WORK TO BE COMPLETED:
Only one stretch of lines is wanted: the line with "#hollykanedesign #montecito #santabarbara" through the final line of the material. Restate it word for word, minus pictures.

PROVIDED DATA:
⟨

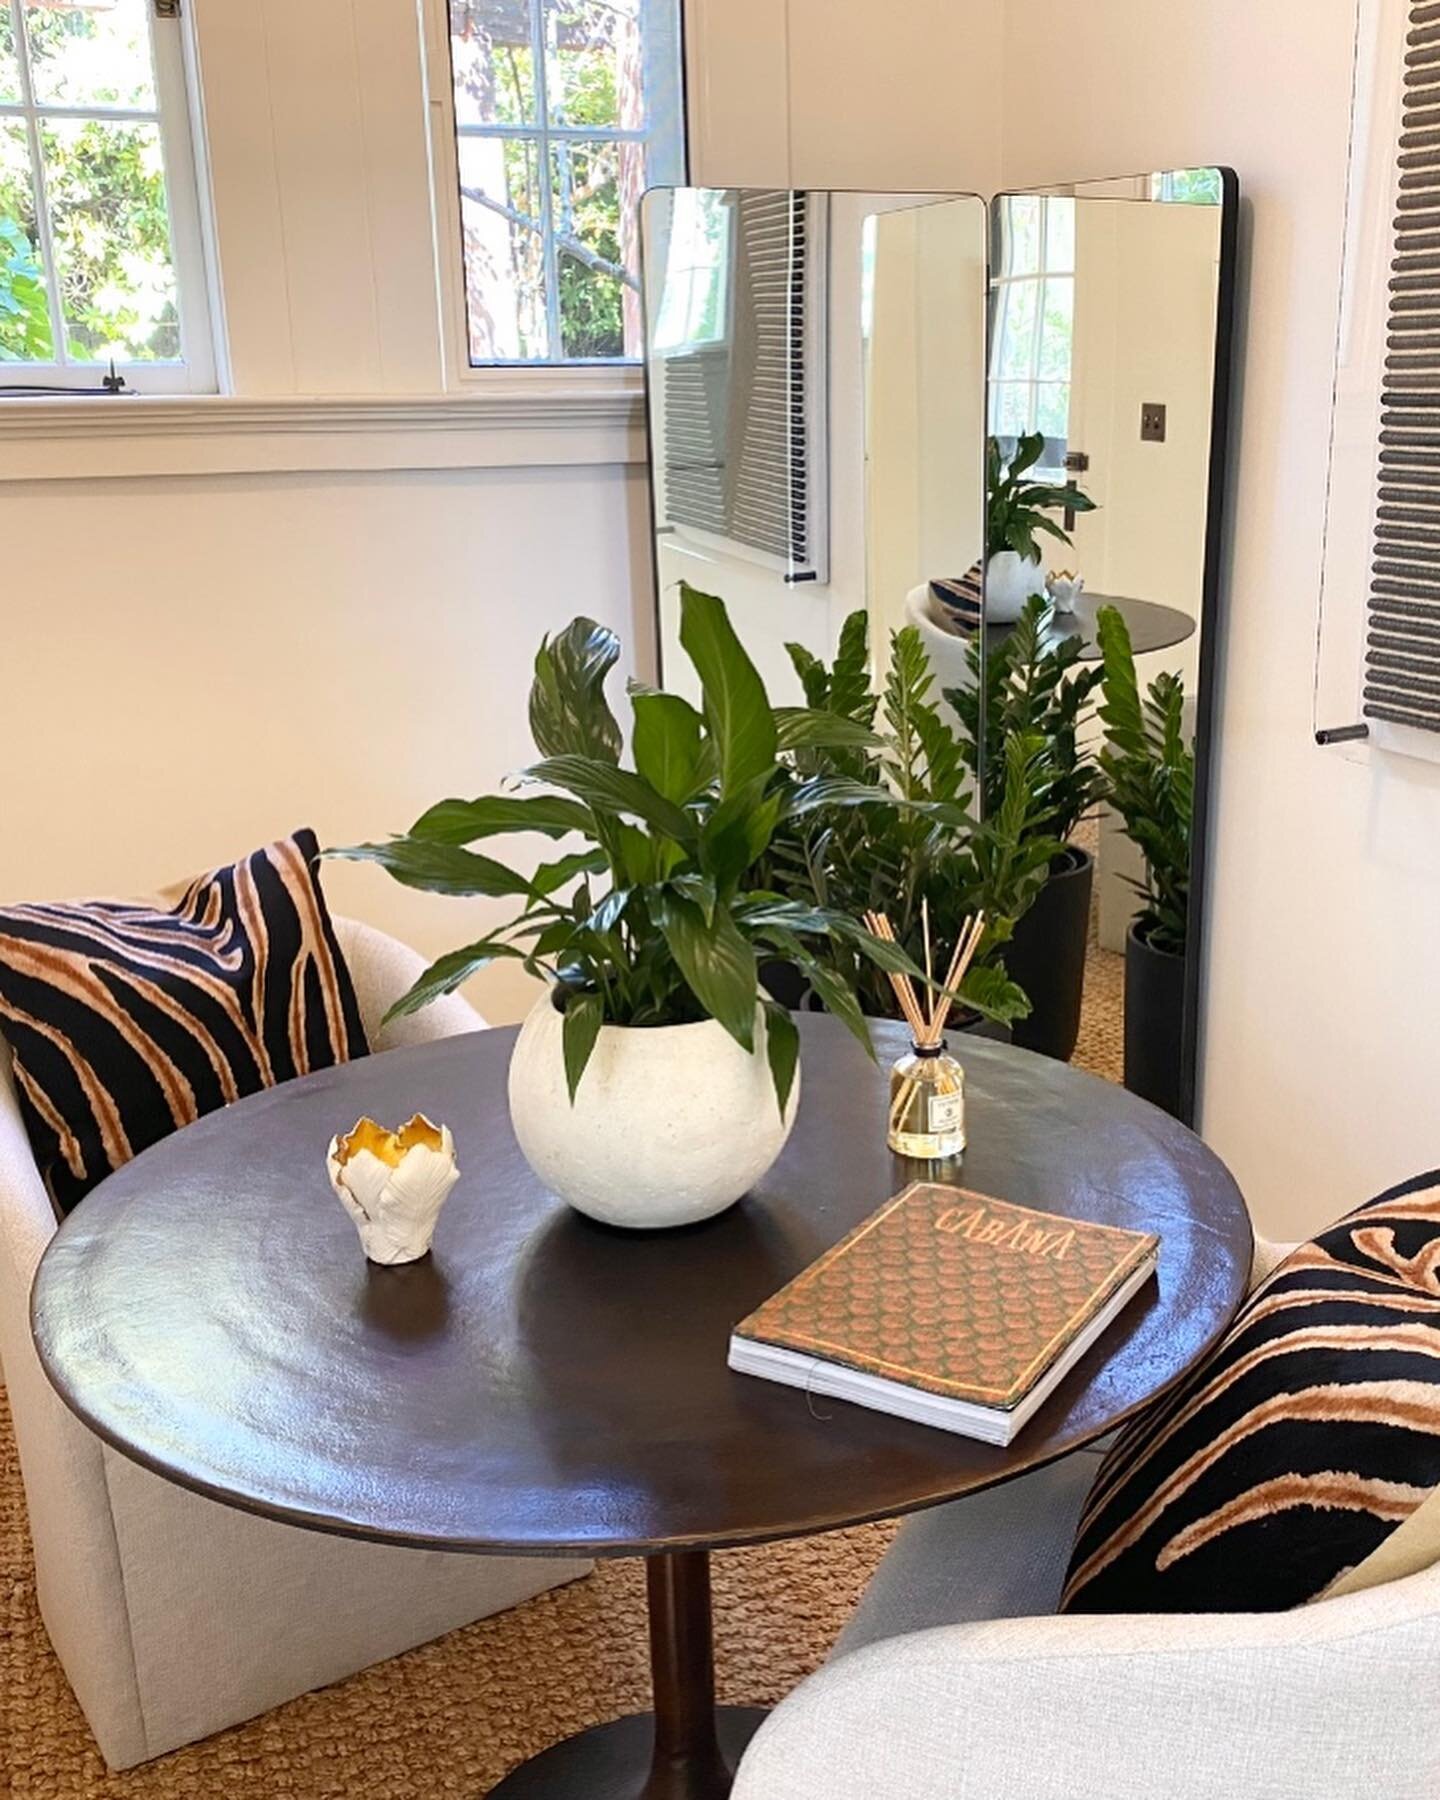 CUSTOM. Zebra footstool and pillows for our clients&rsquo; Santa Barbara studio. 🤎 (They look good in my office too 😊)
#hollykanedesign #montecito #santabarbara #californiahomedesign #customfurniture
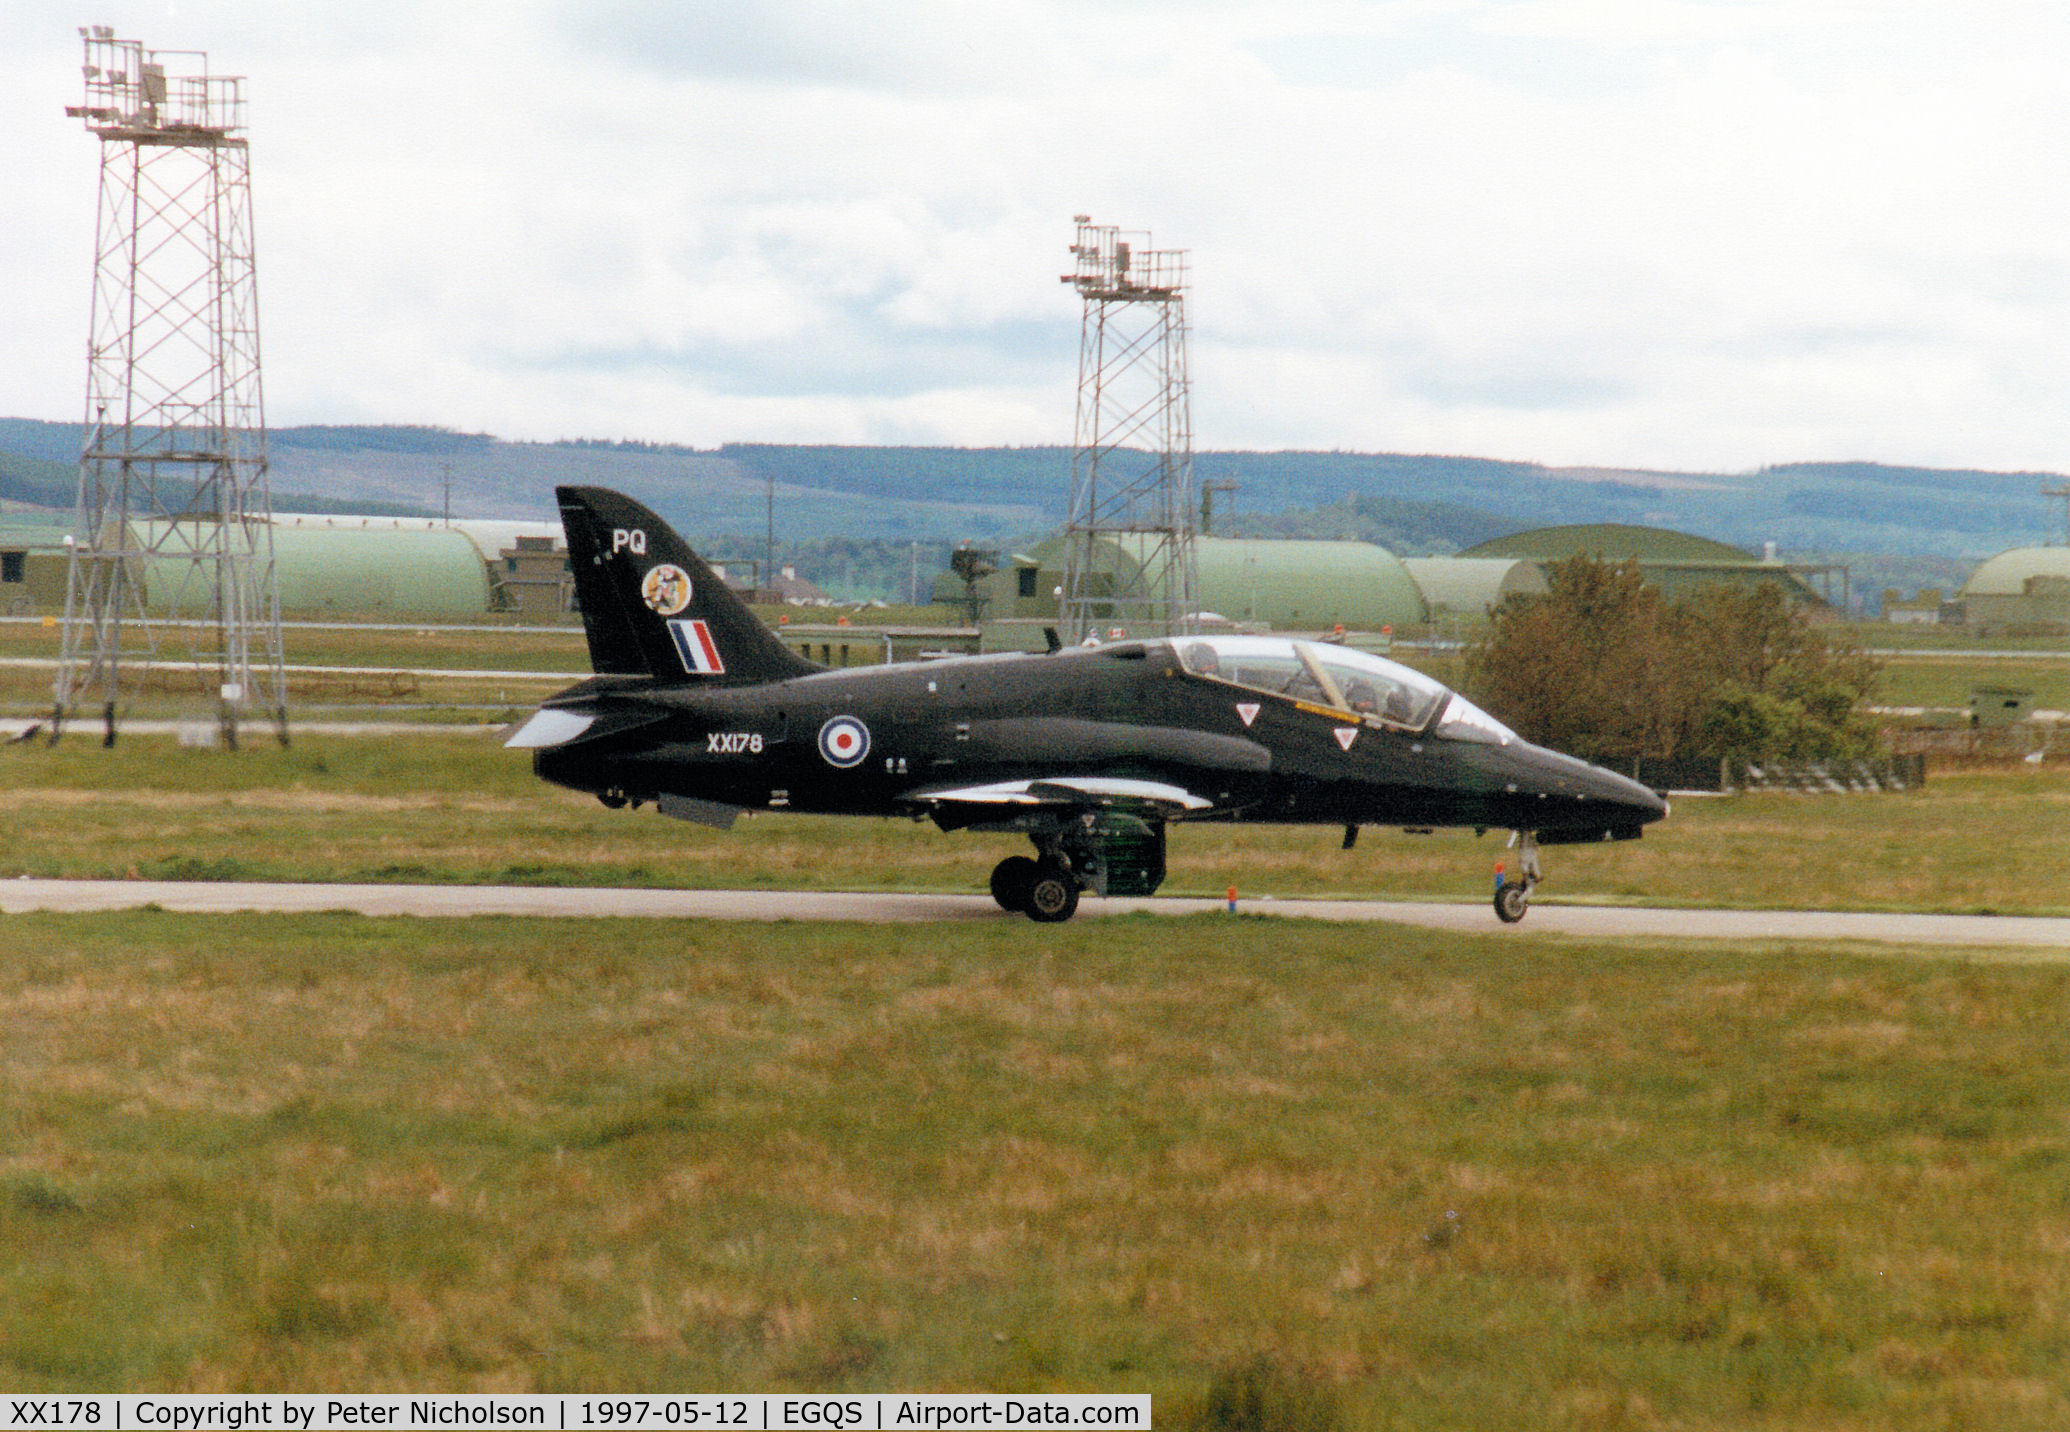 XX178, 1977 Hawker Siddeley Hawk T.1W C/N 025/312025, Hawk T.1 of 19[Reserve] Squadron at RAF Valley preparing to join Runway 23 at RAF Lossiemouth in May 1997.

⟩

ANSWER SECTION:
#hollykanedesign #montecito #santabarbara #californiahomedesign #customfurniture
 XX178, 1977 Hawker Siddeley Hawk T.1W C/N 025/312025, Hawk T.1 of 19[Reserve] Squadron at RAF Valley preparing to join Runway 23 at RAF Lossiemouth in May 1997.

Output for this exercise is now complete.